» **INPUT DATA**

((

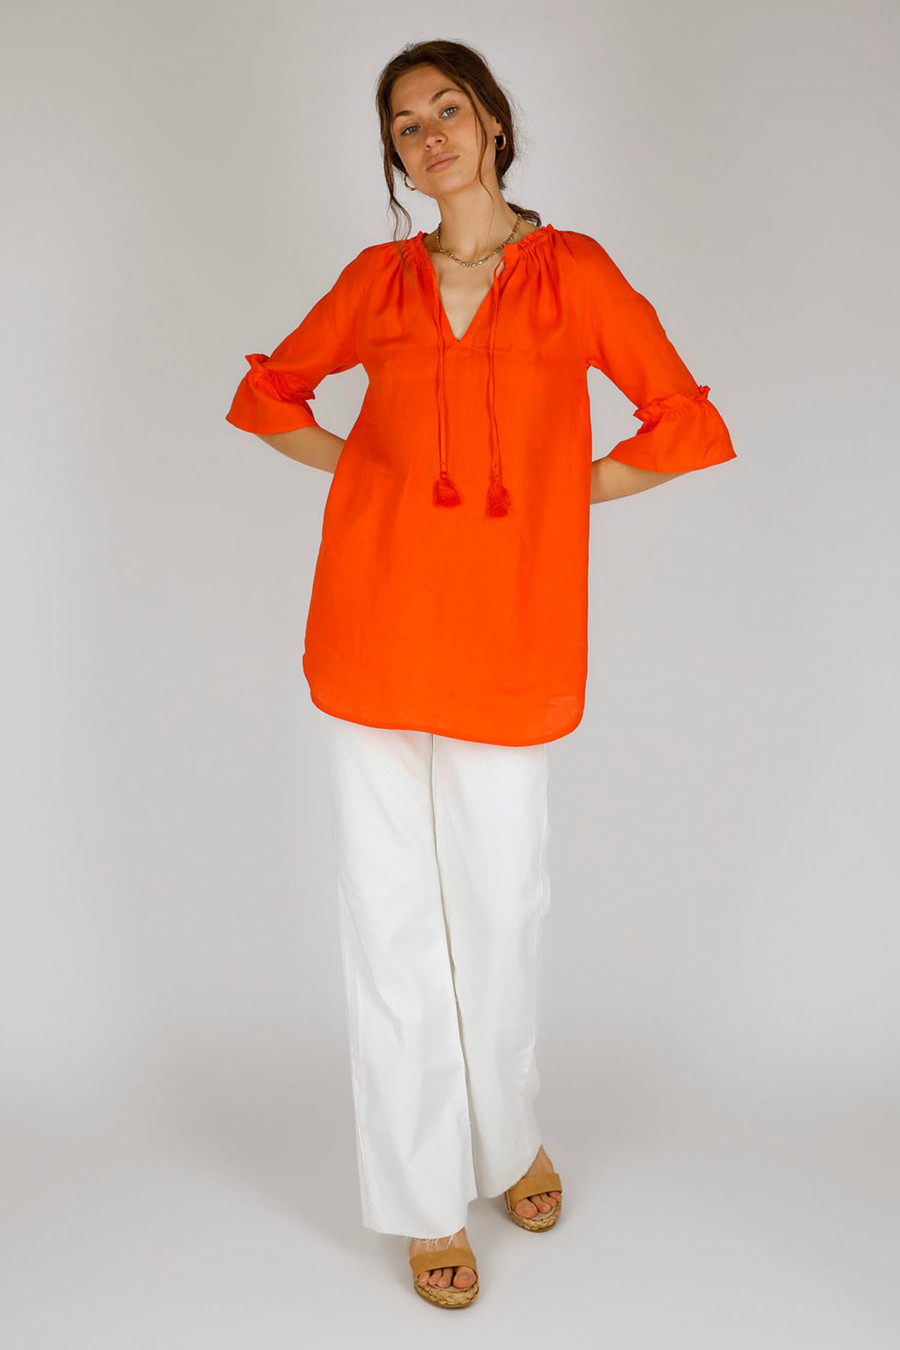 DANYA - Casual linen blouse in tunic form - Colour: Tomato
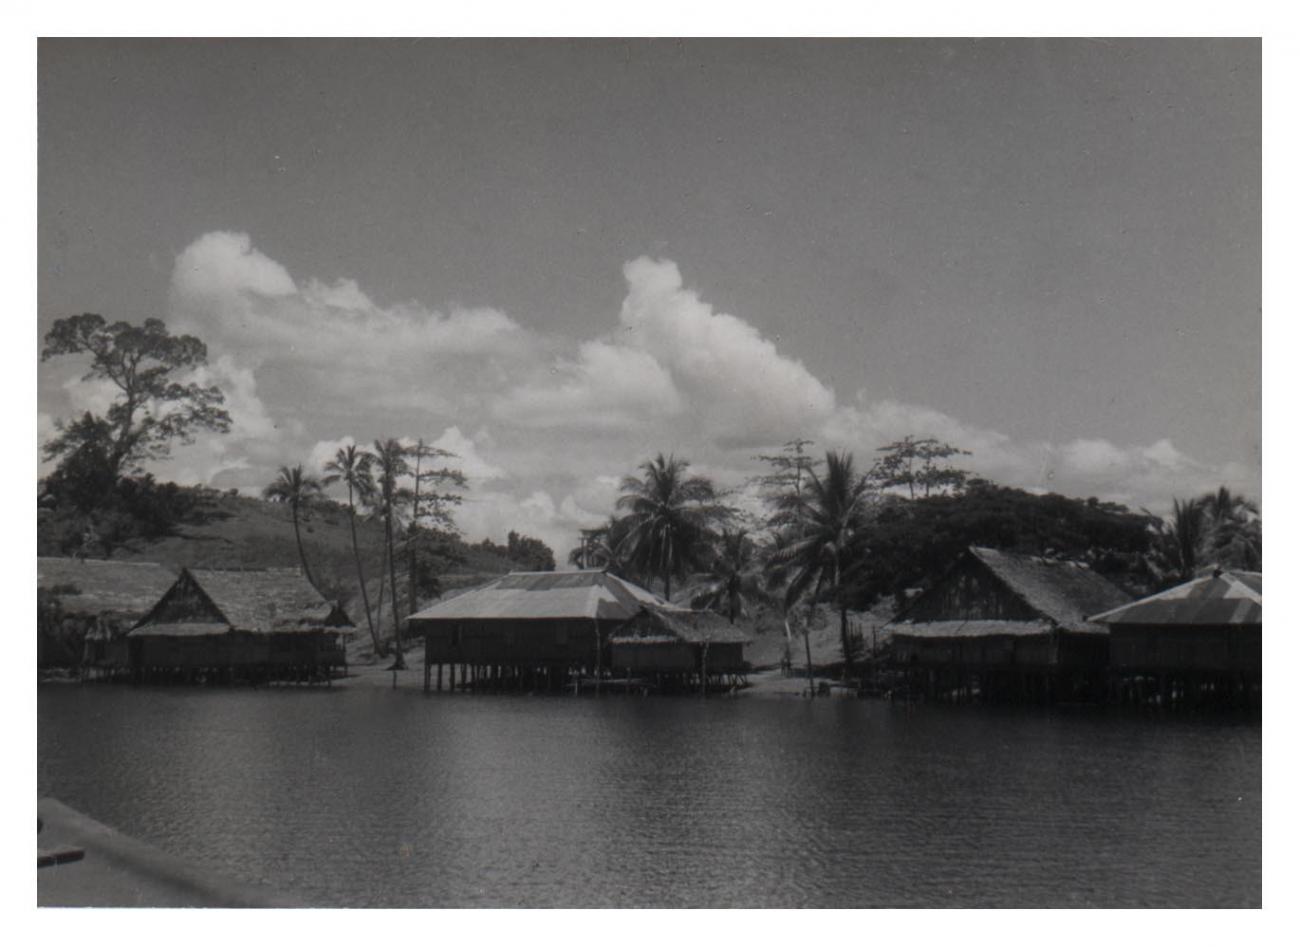 BD/54/2 - 
Kampong Ifar at coastal lake Sentani

))

» **WORK TASK**
Output the data exactly as it is, with the pictures dropped.

» **FINAL ANSWER**
 DANYA - Casual linen blouse in tunic form - Colour: Tomato
 BD/54/2 - 
Kampong Ifar at coastal lake Sentani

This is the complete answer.